-- PROVIDED DATA --
--

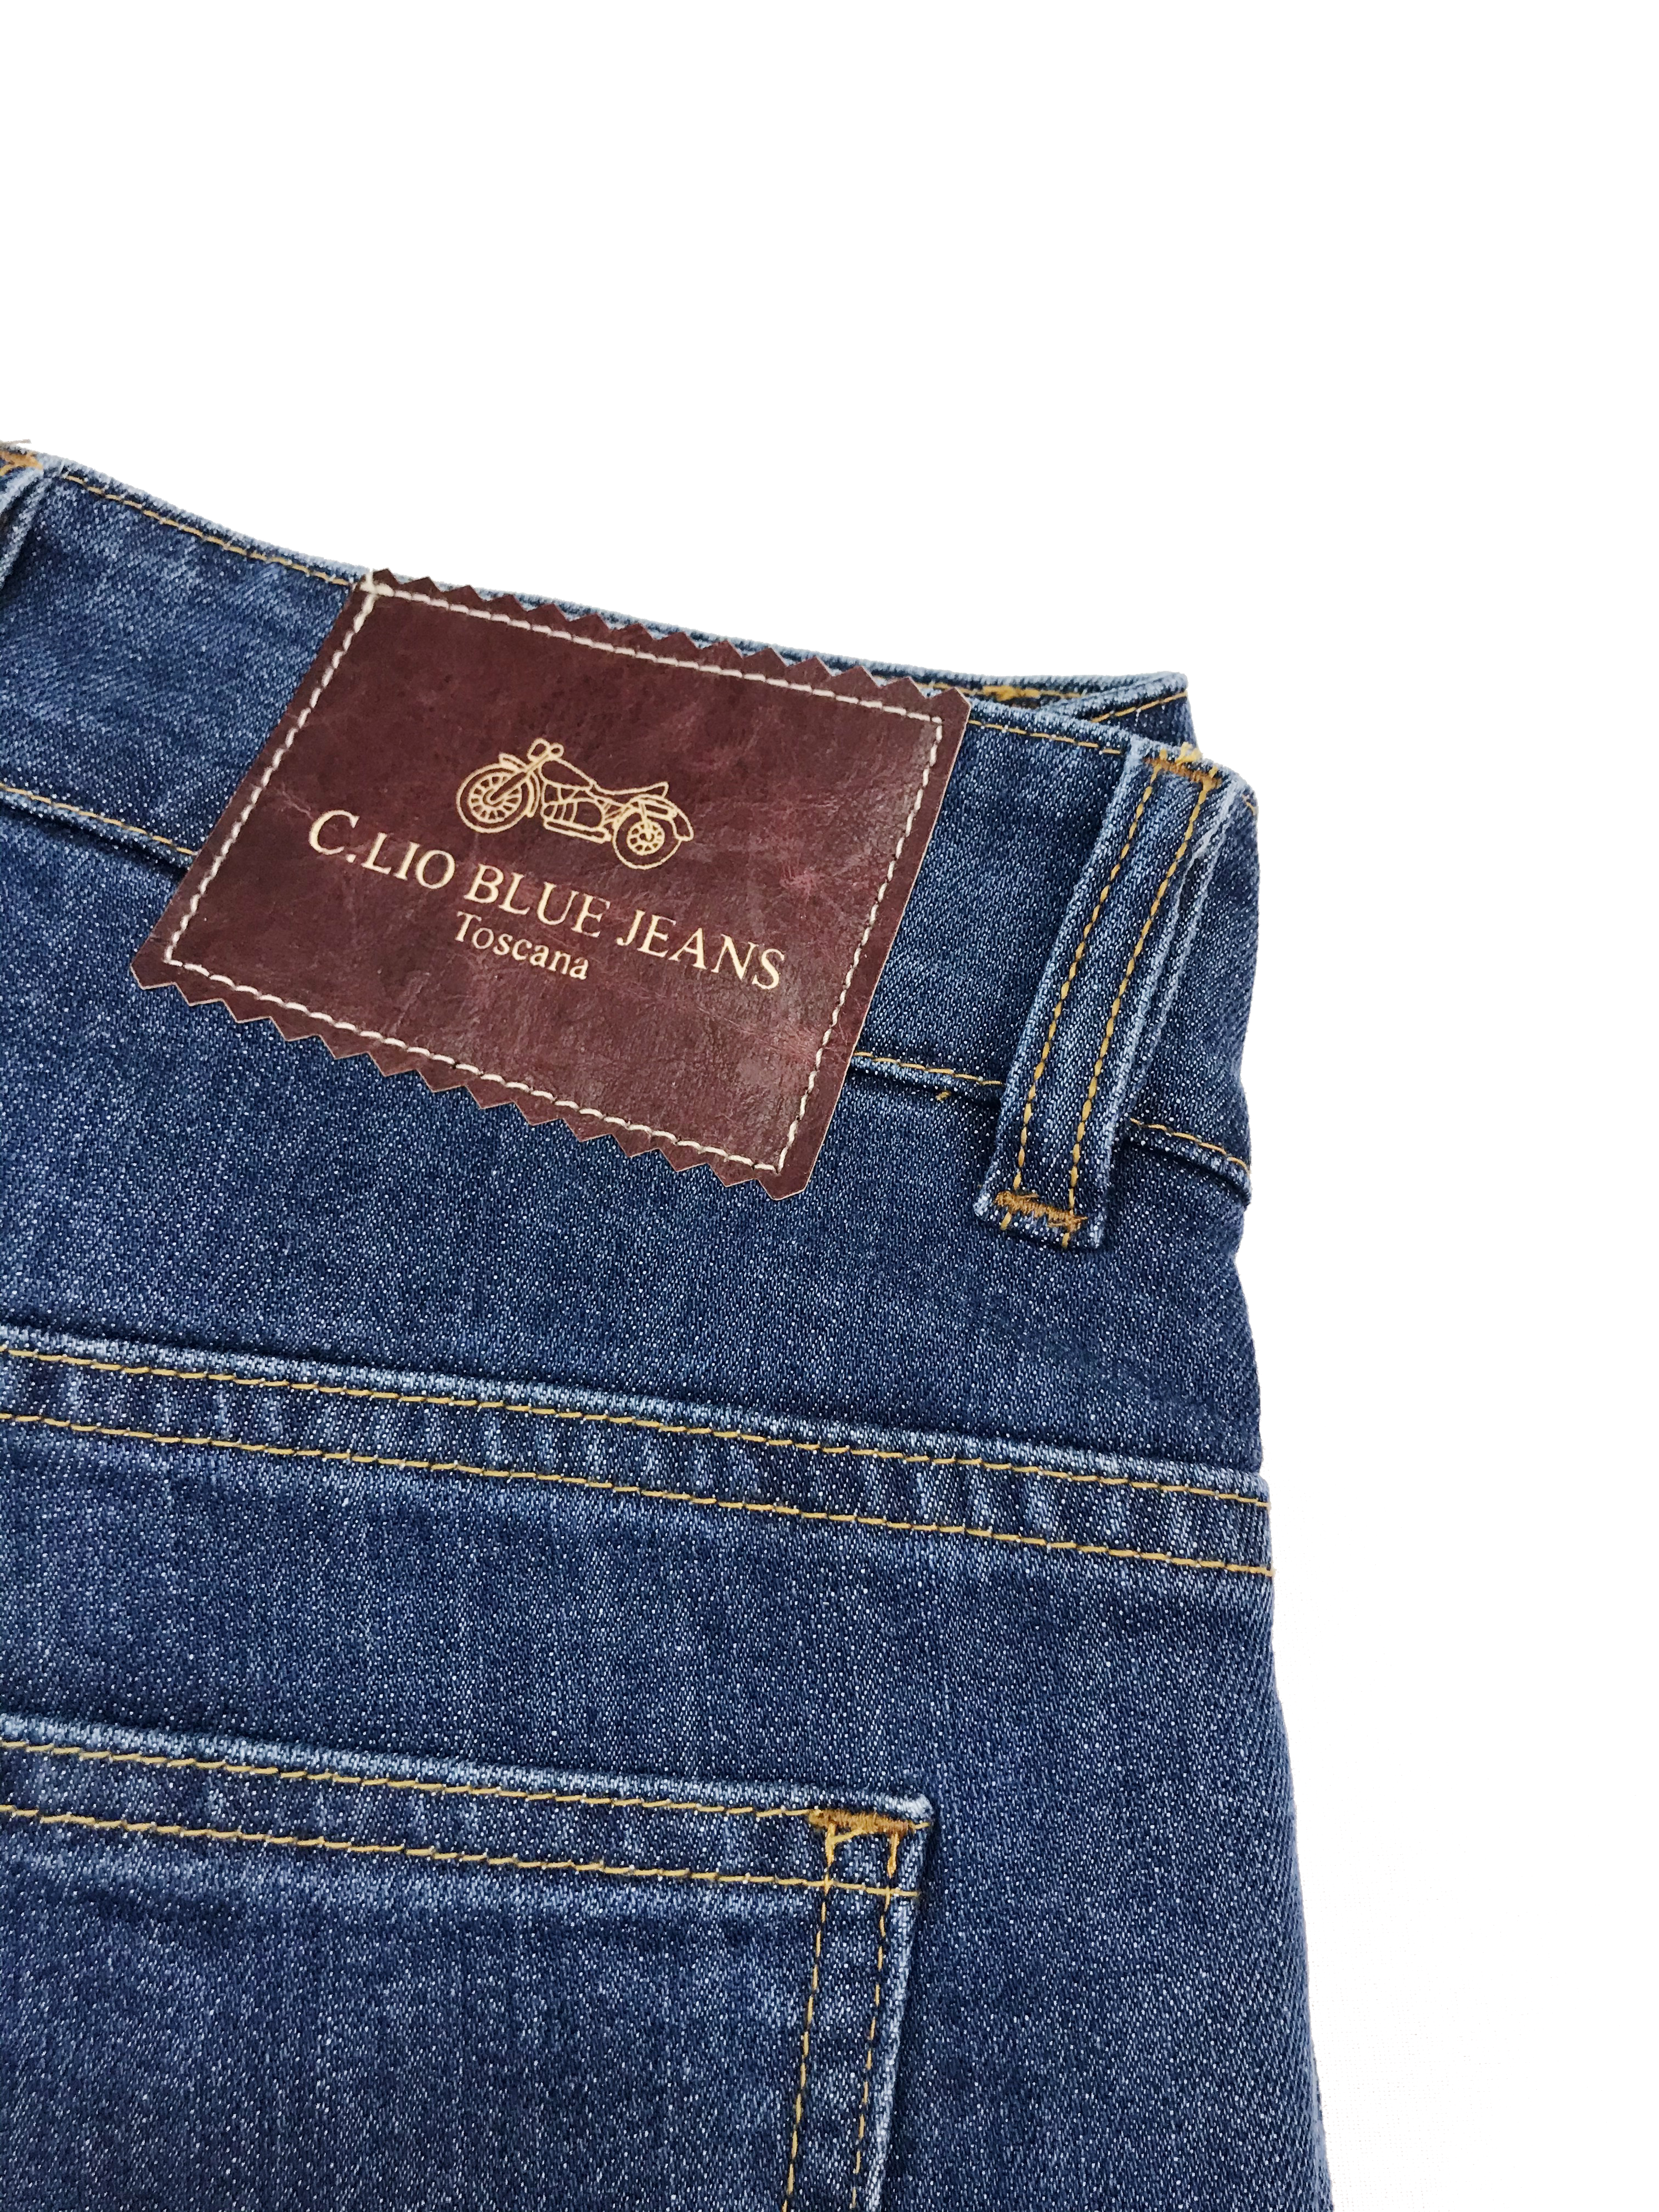 C.Lio Blue Jeans
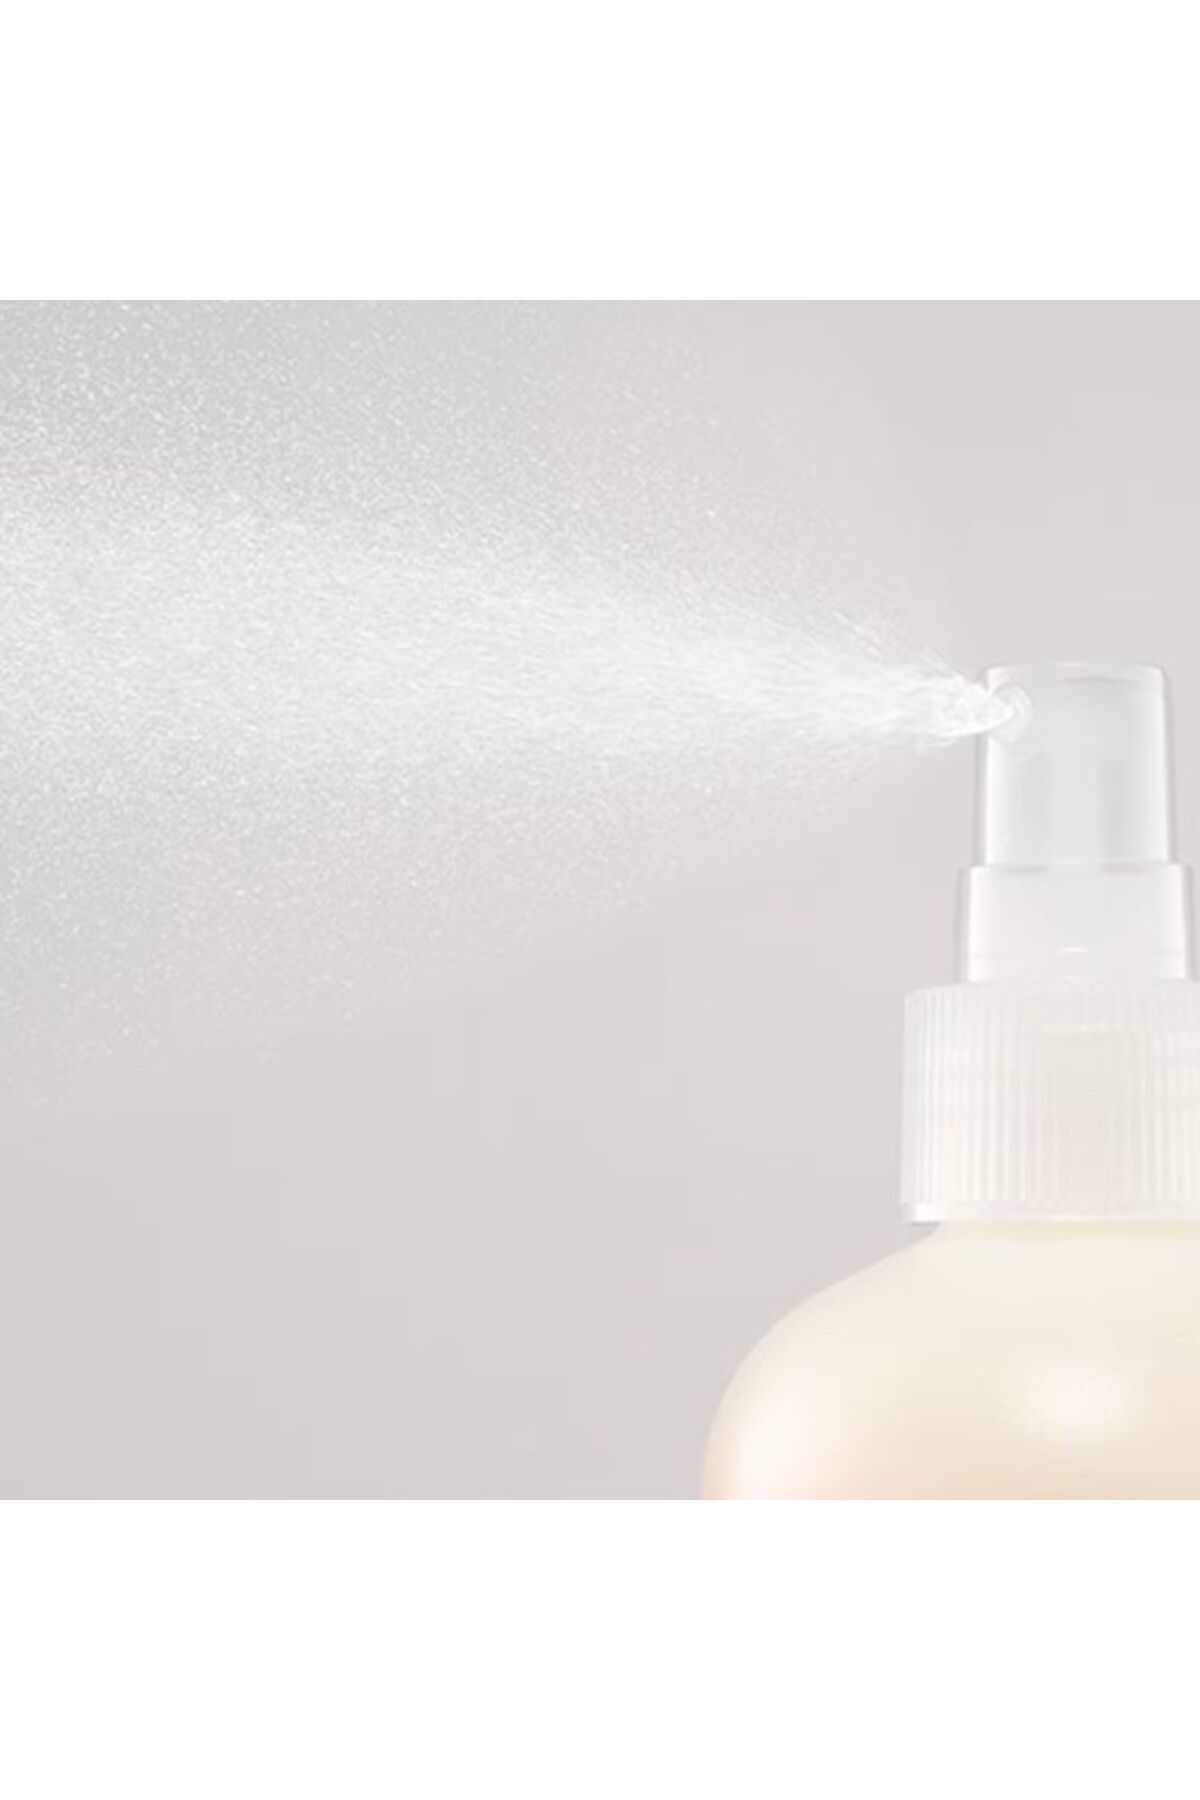 Sephora Bumble & Bumble Hairdresser's Invisible Oil Heat - UV Protective Primer-8.5 FL.OZ.
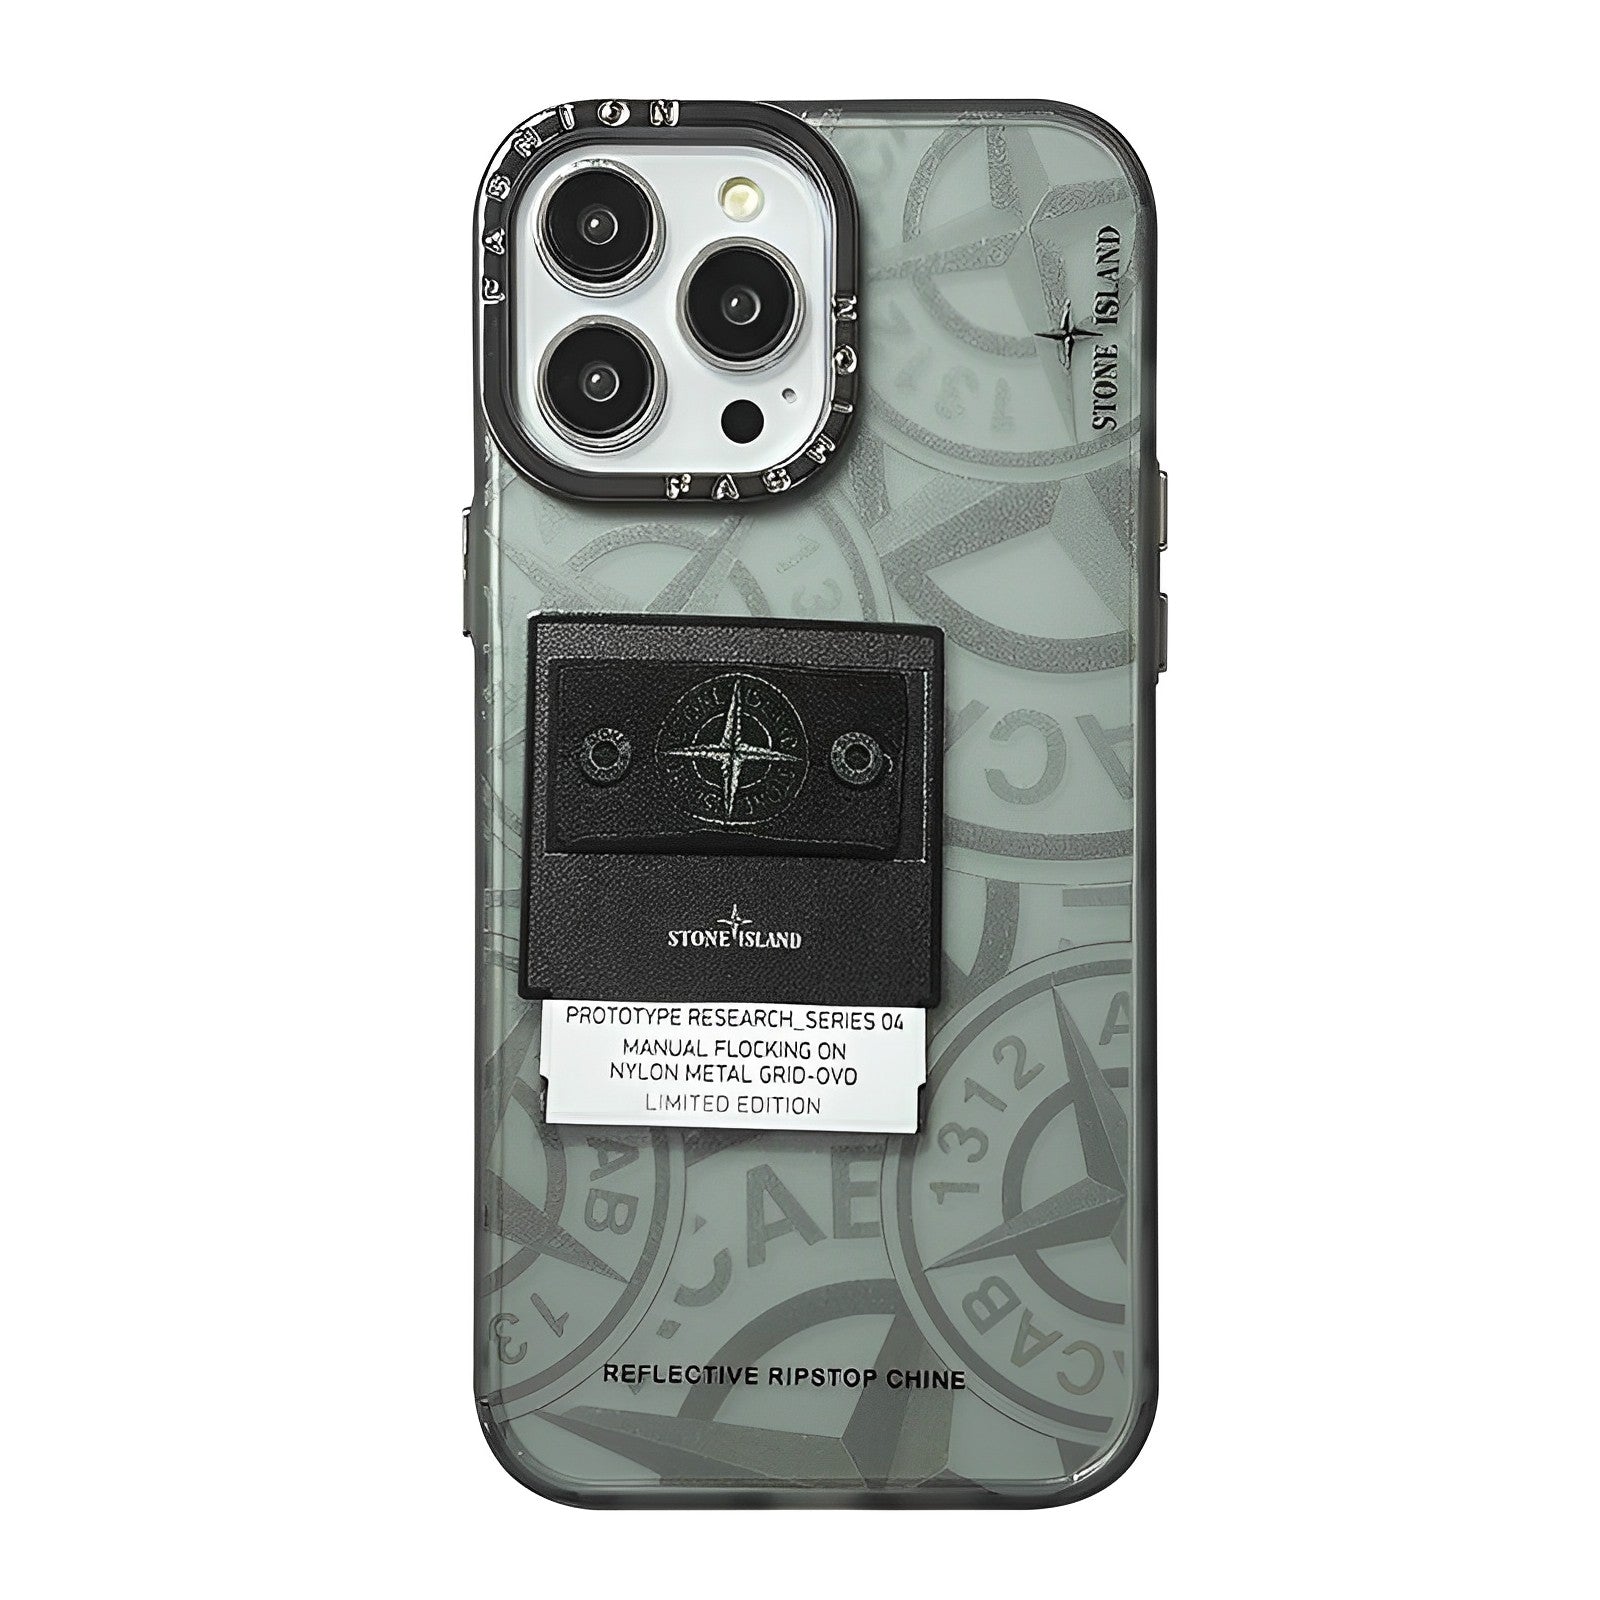 Stone island iPhone Case

--

-- DIRECTIONS --
Your reply should hold exactly the lines from the line containing "Sephora Bumble &" through the final line of the listing, and none of the pictures.

-- OUTPUT FOR THIS TASK --
 Sephora Bumble & Bumble Hairdresser's Invisible Oil Heat - UV Protective Primer-8.5 FL.OZ.
 Stone island iPhone Case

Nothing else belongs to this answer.